Первое время было тихо и ничто не грозило нарушить мир в замке Карентин. Резиденция Торпов — смешение по крайней мере трех-четырех архитектурных стилей — представляла собой тронутое временем, неприглядное здание, которому можно было лишь пожелать стать жертвой землетрясения. Поскольку духи уже длительное время сопротивлялись и не выполняли в нем свои обязанности наводящих ужас призраков, то и в этом отношении все было спокойно.

Даже погода, которая до этого была туманной, пасмурной и дождливой и тем самым климатически обусловливала преступления, и та одумалась. Небо прояснилось, весеннее солнце сияло как свеженачищенная латунная лампа; ночи были теплые, на кустах и деревьях лопнули клейкие почки, и желтоватая, почти прозрачная зелень появилась на ветвях.

Фишер, стремясь привести парк замка в должный порядок, работал с утра до ночи. Он так старательно выполнял свои обязанности, что даже экономка дома Патриция Хайсмит вынуждена была признать, что новому садовнику нельзя отказать в прилежании и усердии.

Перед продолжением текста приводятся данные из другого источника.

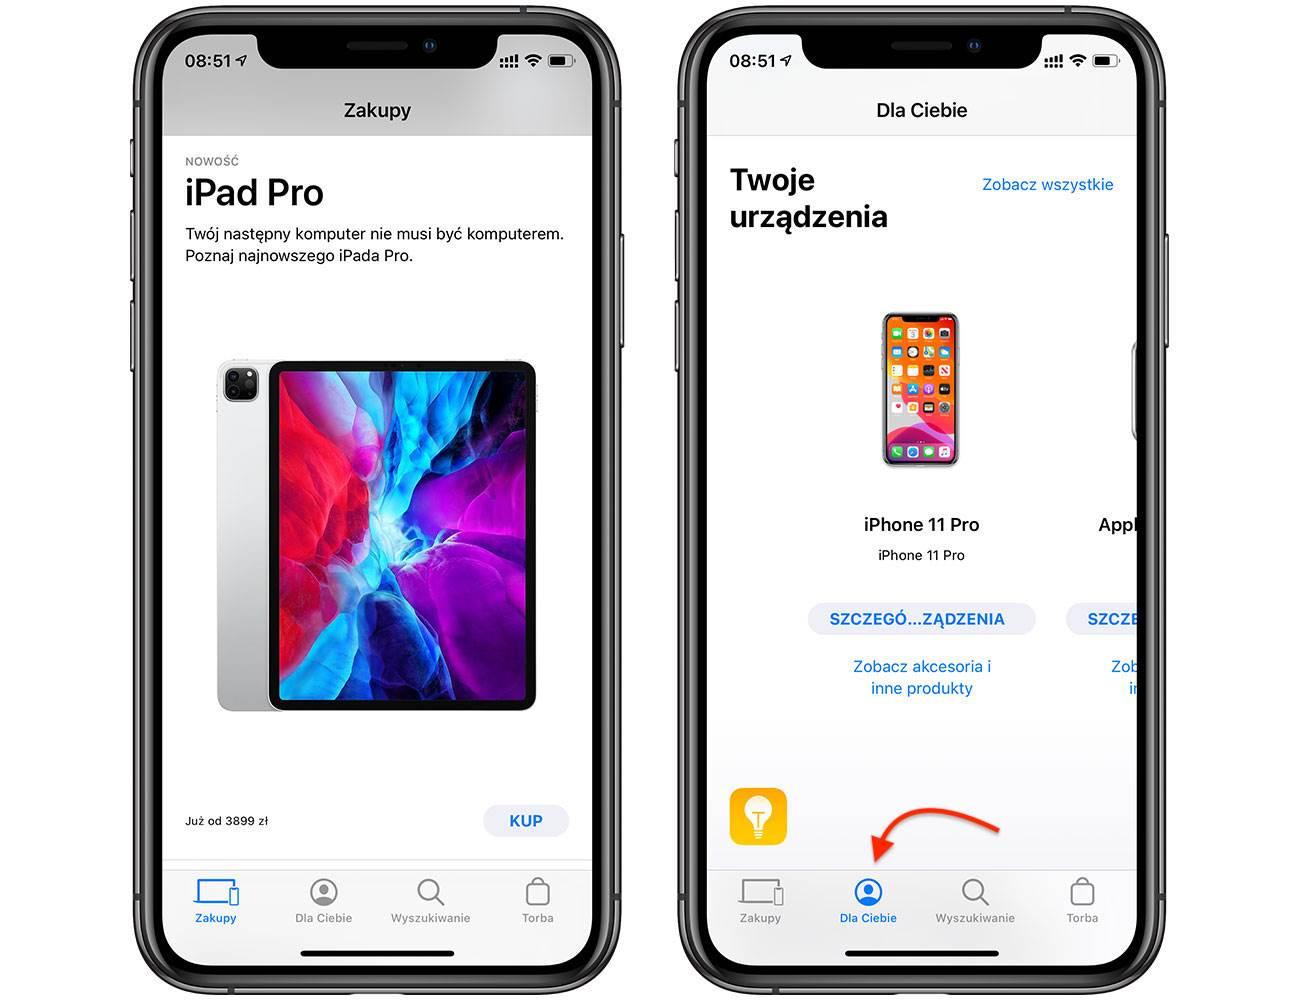 Aplikacja Apple Store na iOS ma nową zakładkę ?Dla Ciebie? polecane, ciekawostki iOS, dla ciebie, Apple Store, Aplikacja  Firma Apple zaktualizowała aplikację Apple Store i dodała nową zakładkę ?Dla Ciebie? ze spersonalizowanymi rekomendacjami i innymi innowacjami. AppleStore 1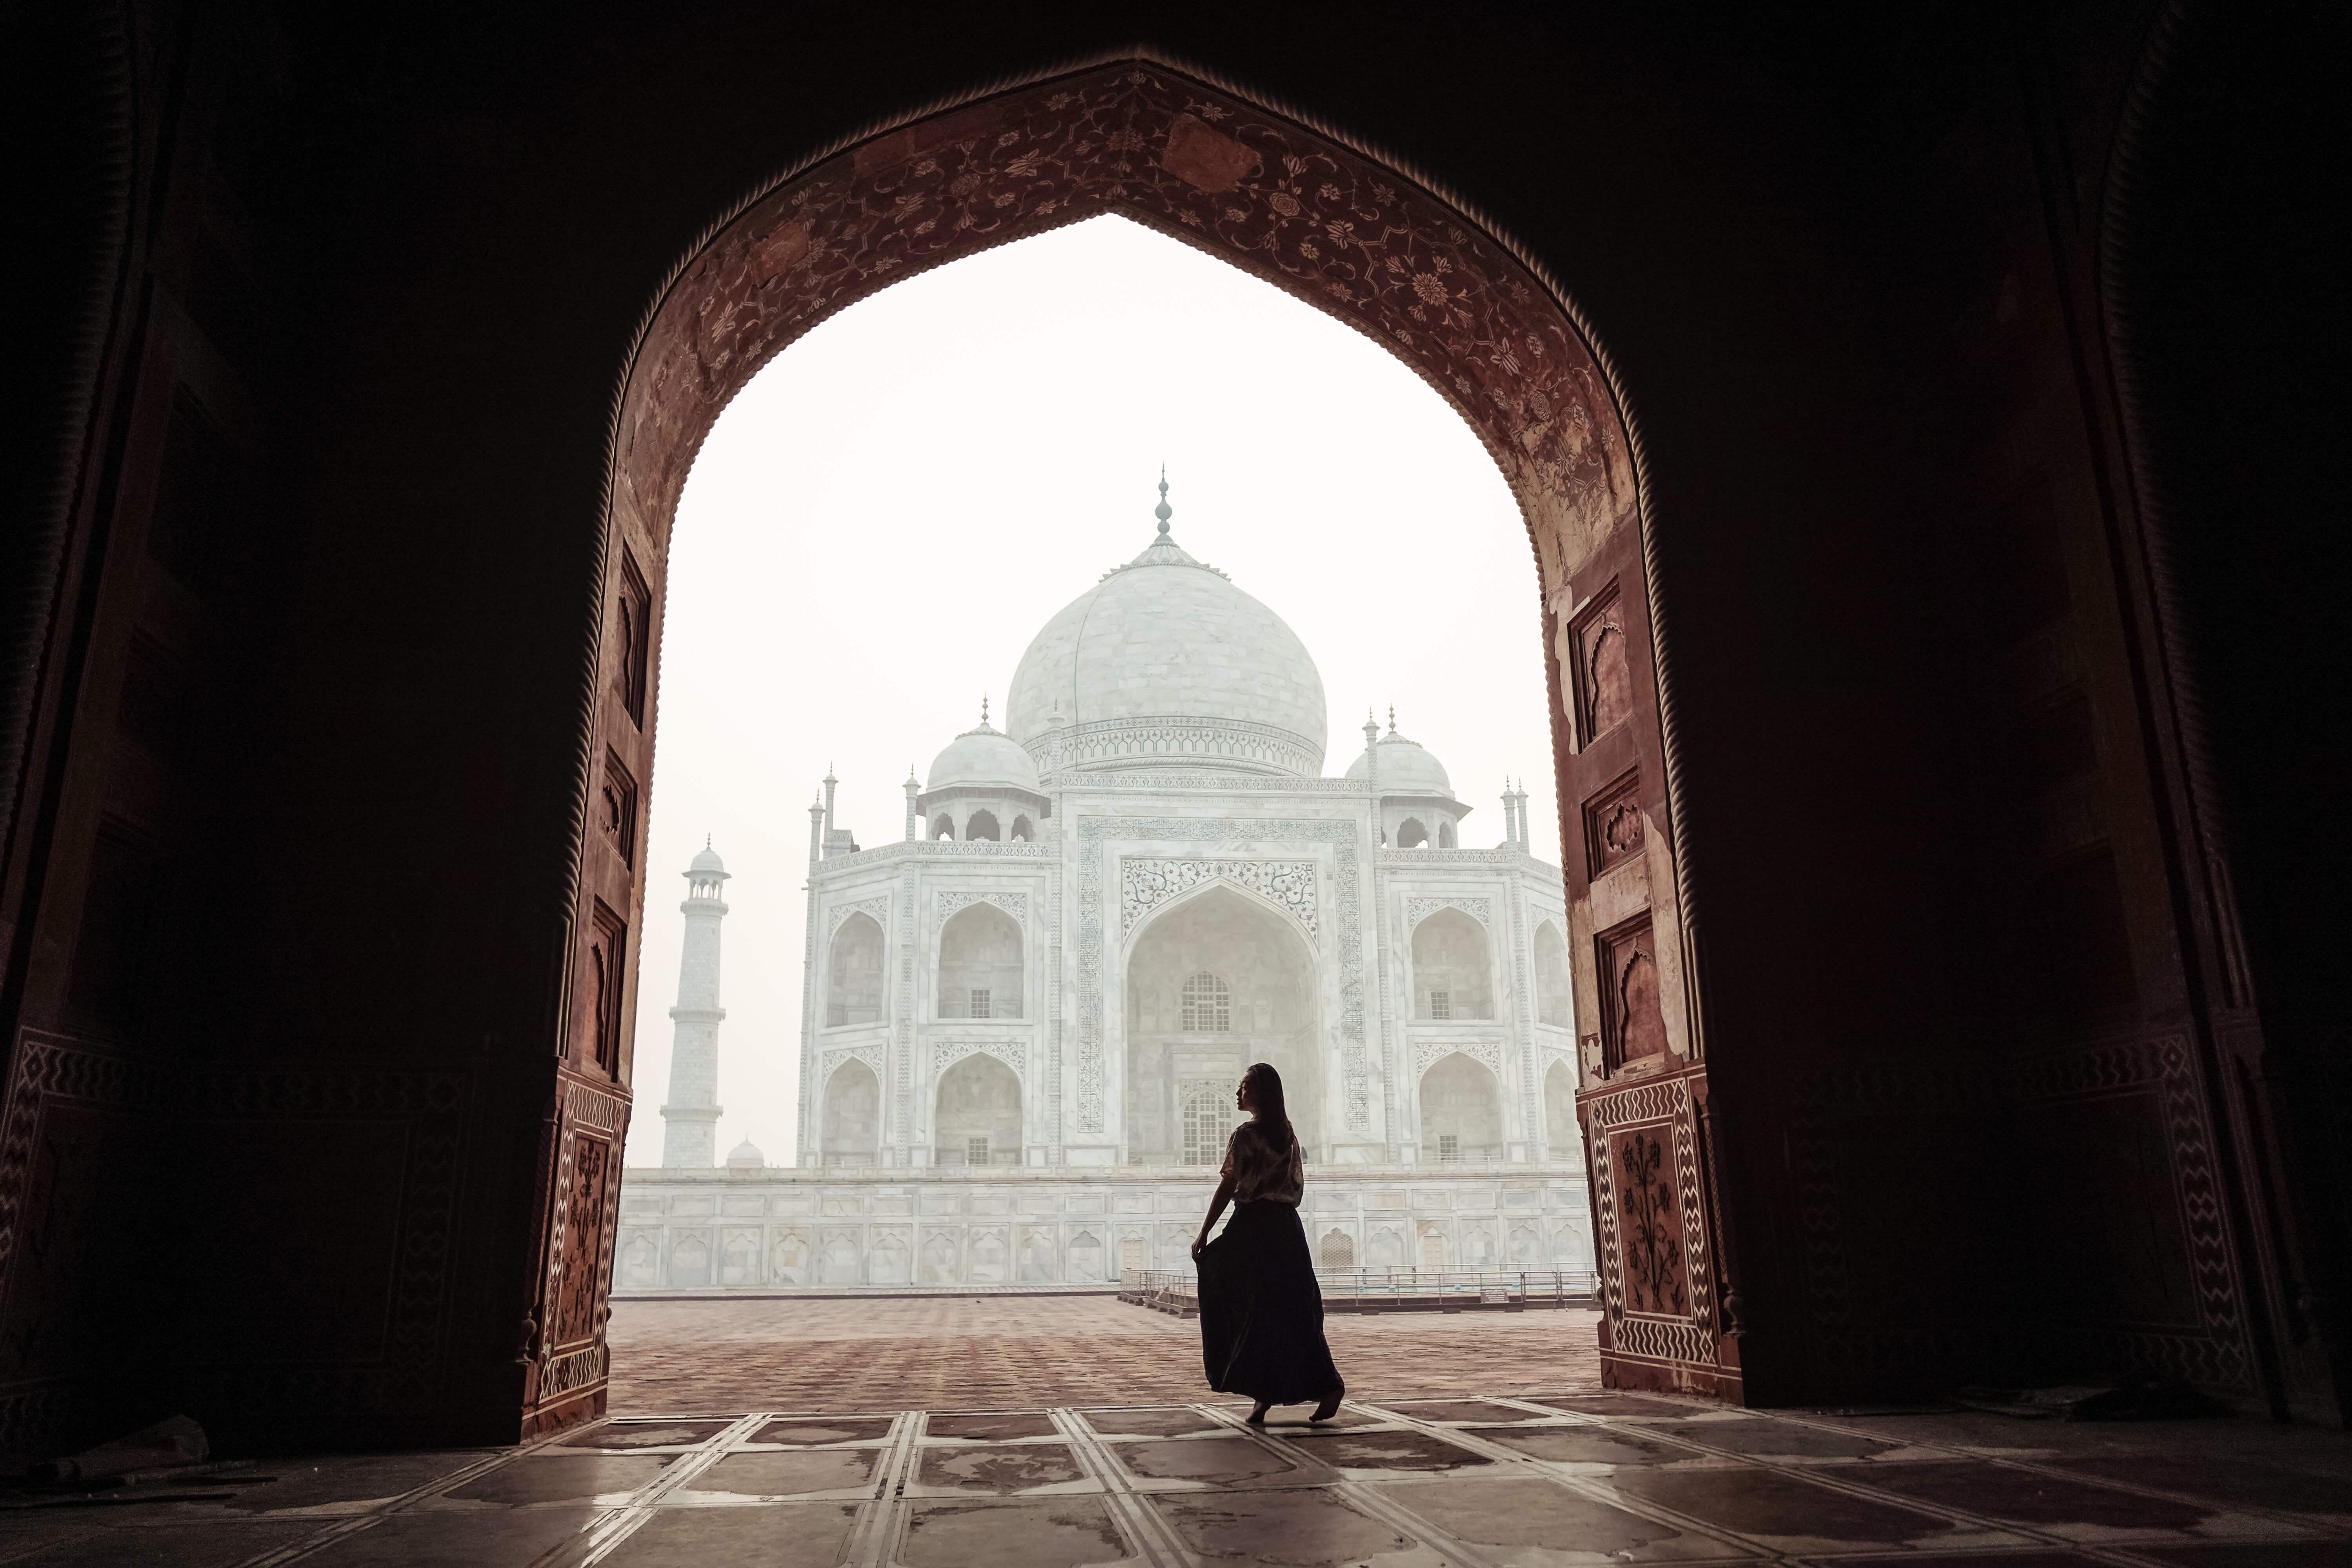 Beat the dawn at the Taj Mahal.

— С этим я согласна, — говорила она, — но со всем другим нет.

Дороти, которая сидела с ней за карточным столом в зале, сказала:

— Тебе ничего не нравится из того, что я приобретаю. Идет ли речь о таксе Аполло, или о велосипеде, который я купила на прошлой неделе, или о новом садовнике.

— Вы, как всегда, смеетесь надо мной, если я вижу все в мрачных красках. Но разве я не оказывалась всегда права, — парировала полная дама. — Велосипед стоит в гараже весь разбитый. А что сталось с Аполло? Он передушил всех кур в округе, и вы нажили себе за один месяц больше врагов, чем за последние десять лет. И в отношении Фишера, который выдает себя за садовника, я окажусь права. И если я, бедная, несостоятельная вдова, говорю, что он разбойник, головорез, убийца и поджигатель, то говорю правду, и только правду, клянусь честью. — В знак своего глубокого убеждения Патриция подняла вверх три пальца и озабоченно спросила: — Вы действительно убеждены в том, что не осталось других наследников?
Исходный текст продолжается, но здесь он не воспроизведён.